[[ GIVEN ENTRIES open ]]

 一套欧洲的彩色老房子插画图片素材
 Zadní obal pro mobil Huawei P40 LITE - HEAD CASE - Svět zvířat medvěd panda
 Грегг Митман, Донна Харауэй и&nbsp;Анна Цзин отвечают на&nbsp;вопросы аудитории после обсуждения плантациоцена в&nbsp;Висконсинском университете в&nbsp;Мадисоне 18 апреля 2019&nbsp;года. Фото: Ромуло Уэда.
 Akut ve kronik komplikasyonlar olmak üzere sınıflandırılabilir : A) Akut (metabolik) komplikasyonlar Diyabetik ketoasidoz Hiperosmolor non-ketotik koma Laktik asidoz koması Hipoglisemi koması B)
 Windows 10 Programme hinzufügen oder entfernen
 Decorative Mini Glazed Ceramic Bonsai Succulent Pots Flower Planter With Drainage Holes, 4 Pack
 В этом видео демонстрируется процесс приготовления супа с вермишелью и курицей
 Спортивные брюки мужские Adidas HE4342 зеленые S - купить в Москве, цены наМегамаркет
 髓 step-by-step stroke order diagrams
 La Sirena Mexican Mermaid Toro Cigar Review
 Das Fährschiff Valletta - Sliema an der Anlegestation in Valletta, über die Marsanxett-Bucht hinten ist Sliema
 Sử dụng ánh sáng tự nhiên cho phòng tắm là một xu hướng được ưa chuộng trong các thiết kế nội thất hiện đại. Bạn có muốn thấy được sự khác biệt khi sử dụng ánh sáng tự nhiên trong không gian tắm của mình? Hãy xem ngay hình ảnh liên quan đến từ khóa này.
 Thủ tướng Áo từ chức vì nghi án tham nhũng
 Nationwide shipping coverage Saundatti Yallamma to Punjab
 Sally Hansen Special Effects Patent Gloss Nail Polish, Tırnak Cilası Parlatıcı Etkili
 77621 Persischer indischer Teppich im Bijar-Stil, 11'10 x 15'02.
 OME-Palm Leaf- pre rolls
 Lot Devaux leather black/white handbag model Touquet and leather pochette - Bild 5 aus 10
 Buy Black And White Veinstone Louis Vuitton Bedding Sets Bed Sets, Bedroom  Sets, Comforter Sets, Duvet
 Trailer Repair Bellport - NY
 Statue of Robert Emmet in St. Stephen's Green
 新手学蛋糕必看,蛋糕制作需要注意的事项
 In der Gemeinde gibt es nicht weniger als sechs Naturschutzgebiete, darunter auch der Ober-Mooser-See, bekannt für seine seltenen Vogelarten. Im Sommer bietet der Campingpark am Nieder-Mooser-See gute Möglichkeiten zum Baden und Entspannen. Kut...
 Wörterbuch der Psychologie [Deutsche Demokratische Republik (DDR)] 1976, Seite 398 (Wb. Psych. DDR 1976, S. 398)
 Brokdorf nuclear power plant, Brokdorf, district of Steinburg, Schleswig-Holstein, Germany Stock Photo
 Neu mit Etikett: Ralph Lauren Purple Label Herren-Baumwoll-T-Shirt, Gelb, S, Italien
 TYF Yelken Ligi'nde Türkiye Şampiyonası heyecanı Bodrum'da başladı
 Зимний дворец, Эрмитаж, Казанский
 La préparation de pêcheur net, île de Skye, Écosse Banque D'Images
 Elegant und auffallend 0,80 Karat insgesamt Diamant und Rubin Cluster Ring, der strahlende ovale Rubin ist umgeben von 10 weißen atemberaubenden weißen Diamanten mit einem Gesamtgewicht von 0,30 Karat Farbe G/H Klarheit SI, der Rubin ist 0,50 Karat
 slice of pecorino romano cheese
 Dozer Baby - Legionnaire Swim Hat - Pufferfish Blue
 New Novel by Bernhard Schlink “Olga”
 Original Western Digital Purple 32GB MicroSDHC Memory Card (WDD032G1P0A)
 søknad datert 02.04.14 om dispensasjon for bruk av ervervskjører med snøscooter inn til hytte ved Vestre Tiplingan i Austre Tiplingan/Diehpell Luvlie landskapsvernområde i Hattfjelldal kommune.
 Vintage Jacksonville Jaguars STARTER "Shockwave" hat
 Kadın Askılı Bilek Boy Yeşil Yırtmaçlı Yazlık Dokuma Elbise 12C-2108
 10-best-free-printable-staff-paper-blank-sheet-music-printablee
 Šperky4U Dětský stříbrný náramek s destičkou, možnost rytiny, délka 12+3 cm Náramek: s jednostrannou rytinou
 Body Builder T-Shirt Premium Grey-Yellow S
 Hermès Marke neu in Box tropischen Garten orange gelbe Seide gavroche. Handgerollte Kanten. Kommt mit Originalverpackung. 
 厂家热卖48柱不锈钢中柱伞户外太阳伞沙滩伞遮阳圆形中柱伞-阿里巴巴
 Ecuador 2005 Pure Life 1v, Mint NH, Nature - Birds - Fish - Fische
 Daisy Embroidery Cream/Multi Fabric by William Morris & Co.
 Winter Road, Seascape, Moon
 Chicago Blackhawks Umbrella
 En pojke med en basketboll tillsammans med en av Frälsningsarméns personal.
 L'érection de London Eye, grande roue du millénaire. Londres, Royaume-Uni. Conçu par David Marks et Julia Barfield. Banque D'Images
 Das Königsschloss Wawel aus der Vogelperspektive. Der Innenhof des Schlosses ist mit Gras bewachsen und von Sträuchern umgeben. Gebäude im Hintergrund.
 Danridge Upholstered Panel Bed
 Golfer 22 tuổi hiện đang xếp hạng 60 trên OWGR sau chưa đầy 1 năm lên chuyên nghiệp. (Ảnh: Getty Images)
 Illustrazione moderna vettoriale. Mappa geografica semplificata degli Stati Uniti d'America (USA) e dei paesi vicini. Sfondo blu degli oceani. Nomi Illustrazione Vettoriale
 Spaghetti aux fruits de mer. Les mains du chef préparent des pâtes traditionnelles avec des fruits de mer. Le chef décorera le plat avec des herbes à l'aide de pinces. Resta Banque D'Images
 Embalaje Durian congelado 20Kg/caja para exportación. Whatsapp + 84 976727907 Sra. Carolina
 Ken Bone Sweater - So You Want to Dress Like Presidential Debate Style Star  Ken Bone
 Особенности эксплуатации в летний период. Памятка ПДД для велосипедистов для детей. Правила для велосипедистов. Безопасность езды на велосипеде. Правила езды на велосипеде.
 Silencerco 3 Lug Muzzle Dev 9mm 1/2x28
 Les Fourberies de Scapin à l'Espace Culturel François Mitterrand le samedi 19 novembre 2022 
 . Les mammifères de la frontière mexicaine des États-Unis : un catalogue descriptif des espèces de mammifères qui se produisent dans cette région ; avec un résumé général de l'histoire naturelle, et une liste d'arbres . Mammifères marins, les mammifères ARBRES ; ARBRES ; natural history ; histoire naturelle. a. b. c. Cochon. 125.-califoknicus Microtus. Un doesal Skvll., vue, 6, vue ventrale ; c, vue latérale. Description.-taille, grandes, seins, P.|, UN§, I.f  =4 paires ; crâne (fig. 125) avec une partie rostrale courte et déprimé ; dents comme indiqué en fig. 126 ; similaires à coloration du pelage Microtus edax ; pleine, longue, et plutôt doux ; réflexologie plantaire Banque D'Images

[[ GIVEN ENTRIES closed ]]

■ **WORK ORDER**: Every record must be returned exactly.

■ **YOUR RESPONSE**:
 一套欧洲的彩色老房子插画图片素材
 Zadní obal pro mobil Huawei P40 LITE - HEAD CASE - Svět zvířat medvěd panda
 Грегг Митман, Донна Харауэй и&nbsp;Анна Цзин отвечают на&nbsp;вопросы аудитории после обсуждения плантациоцена в&nbsp;Висконсинском университете в&nbsp;Мадисоне 18 апреля 2019&nbsp;года. Фото: Ромуло Уэда.
 Akut ve kronik komplikasyonlar olmak üzere sınıflandırılabilir : A) Akut (metabolik) komplikasyonlar Diyabetik ketoasidoz Hiperosmolor non-ketotik koma Laktik asidoz koması Hipoglisemi koması B)
 Windows 10 Programme hinzufügen oder entfernen
 Decorative Mini Glazed Ceramic Bonsai Succulent Pots Flower Planter With Drainage Holes, 4 Pack
 В этом видео демонстрируется процесс приготовления супа с вермишелью и курицей
 Спортивные брюки мужские Adidas HE4342 зеленые S - купить в Москве, цены наМегамаркет
 髓 step-by-step stroke order diagrams
 La Sirena Mexican Mermaid Toro Cigar Review
 Das Fährschiff Valletta - Sliema an der Anlegestation in Valletta, über die Marsanxett-Bucht hinten ist Sliema
 Sử dụng ánh sáng tự nhiên cho phòng tắm là một xu hướng được ưa chuộng trong các thiết kế nội thất hiện đại. Bạn có muốn thấy được sự khác biệt khi sử dụng ánh sáng tự nhiên trong không gian tắm của mình? Hãy xem ngay hình ảnh liên quan đến từ khóa này.
 Thủ tướng Áo từ chức vì nghi án tham nhũng
 Nationwide shipping coverage Saundatti Yallamma to Punjab
 Sally Hansen Special Effects Patent Gloss Nail Polish, Tırnak Cilası Parlatıcı Etkili
 77621 Persischer indischer Teppich im Bijar-Stil, 11'10 x 15'02.
 OME-Palm Leaf- pre rolls
 Lot Devaux leather black/white handbag model Touquet and leather pochette - Bild 5 aus 10
 Buy Black And White Veinstone Louis Vuitton Bedding Sets Bed Sets, Bedroom  Sets, Comforter Sets, Duvet
 Trailer Repair Bellport - NY
 Statue of Robert Emmet in St. Stephen's Green
 新手学蛋糕必看,蛋糕制作需要注意的事项
 In der Gemeinde gibt es nicht weniger als sechs Naturschutzgebiete, darunter auch der Ober-Mooser-See, bekannt für seine seltenen Vogelarten. Im Sommer bietet der Campingpark am Nieder-Mooser-See gute Möglichkeiten zum Baden und Entspannen. Kut...
 Wörterbuch der Psychologie [Deutsche Demokratische Republik (DDR)] 1976, Seite 398 (Wb. Psych. DDR 1976, S. 398)
 Brokdorf nuclear power plant, Brokdorf, district of Steinburg, Schleswig-Holstein, Germany Stock Photo
 Neu mit Etikett: Ralph Lauren Purple Label Herren-Baumwoll-T-Shirt, Gelb, S, Italien
 TYF Yelken Ligi'nde Türkiye Şampiyonası heyecanı Bodrum'da başladı
 Зимний дворец, Эрмитаж, Казанский
 La préparation de pêcheur net, île de Skye, Écosse Banque D'Images
 Elegant und auffallend 0,80 Karat insgesamt Diamant und Rubin Cluster Ring, der strahlende ovale Rubin ist umgeben von 10 weißen atemberaubenden weißen Diamanten mit einem Gesamtgewicht von 0,30 Karat Farbe G/H Klarheit SI, der Rubin ist 0,50 Karat
 slice of pecorino romano cheese
 Dozer Baby - Legionnaire Swim Hat - Pufferfish Blue
 New Novel by Bernhard Schlink “Olga”
 Original Western Digital Purple 32GB MicroSDHC Memory Card (WDD032G1P0A)
 søknad datert 02.04.14 om dispensasjon for bruk av ervervskjører med snøscooter inn til hytte ved Vestre Tiplingan i Austre Tiplingan/Diehpell Luvlie landskapsvernområde i Hattfjelldal kommune.
 Vintage Jacksonville Jaguars STARTER "Shockwave" hat
 Kadın Askılı Bilek Boy Yeşil Yırtmaçlı Yazlık Dokuma Elbise 12C-2108
 10-best-free-printable-staff-paper-blank-sheet-music-printablee
 Šperky4U Dětský stříbrný náramek s destičkou, možnost rytiny, délka 12+3 cm Náramek: s jednostrannou rytinou
 Body Builder T-Shirt Premium Grey-Yellow S
 Hermès Marke neu in Box tropischen Garten orange gelbe Seide gavroche. Handgerollte Kanten. Kommt mit Originalverpackung. 
 厂家热卖48柱不锈钢中柱伞户外太阳伞沙滩伞遮阳圆形中柱伞-阿里巴巴
 Ecuador 2005 Pure Life 1v, Mint NH, Nature - Birds - Fish - Fische
 Daisy Embroidery Cream/Multi Fabric by William Morris & Co.
 Winter Road, Seascape, Moon
 Chicago Blackhawks Umbrella
 En pojke med en basketboll tillsammans med en av Frälsningsarméns personal.
 L'érection de London Eye, grande roue du millénaire. Londres, Royaume-Uni. Conçu par David Marks et Julia Barfield. Banque D'Images
 Das Königsschloss Wawel aus der Vogelperspektive. Der Innenhof des Schlosses ist mit Gras bewachsen und von Sträuchern umgeben. Gebäude im Hintergrund.
 Danridge Upholstered Panel Bed
 Golfer 22 tuổi hiện đang xếp hạng 60 trên OWGR sau chưa đầy 1 năm lên chuyên nghiệp. (Ảnh: Getty Images)
 Illustrazione moderna vettoriale. Mappa geografica semplificata degli Stati Uniti d'America (USA) e dei paesi vicini. Sfondo blu degli oceani. Nomi Illustrazione Vettoriale
 Spaghetti aux fruits de mer. Les mains du chef préparent des pâtes traditionnelles avec des fruits de mer. Le chef décorera le plat avec des herbes à l'aide de pinces. Resta Banque D'Images
 Embalaje Durian congelado 20Kg/caja para exportación. Whatsapp + 84 976727907 Sra. Carolina
 Ken Bone Sweater - So You Want to Dress Like Presidential Debate Style Star  Ken Bone
 Особенности эксплуатации в летний период. Памятка ПДД для велосипедистов для детей. Правила для велосипедистов. Безопасность езды на велосипеде. Правила езды на велосипеде.
 Silencerco 3 Lug Muzzle Dev 9mm 1/2x28
 Les Fourberies de Scapin à l'Espace Culturel François Mitterrand le samedi 19 novembre 2022 
 . Les mammifères de la frontière mexicaine des États-Unis : un catalogue descriptif des espèces de mammifères qui se produisent dans cette région ; avec un résumé général de l'histoire naturelle, et une liste d'arbres . Mammifères marins, les mammifères ARBRES ; ARBRES ; natural history ; histoire naturelle. a. b. c. Cochon. 125.-califoknicus Microtus. Un doesal Skvll., vue, 6, vue ventrale ; c, vue latérale. Description.-taille, grandes, seins, P.|, UN§, I.f  =4 paires ; crâne (fig. 125) avec une partie rostrale courte et déprimé ; dents comme indiqué en fig. 126 ; similaires à coloration du pelage Microtus edax ; pleine, longue, et plutôt doux ; réflexologie plantaire Banque D'Images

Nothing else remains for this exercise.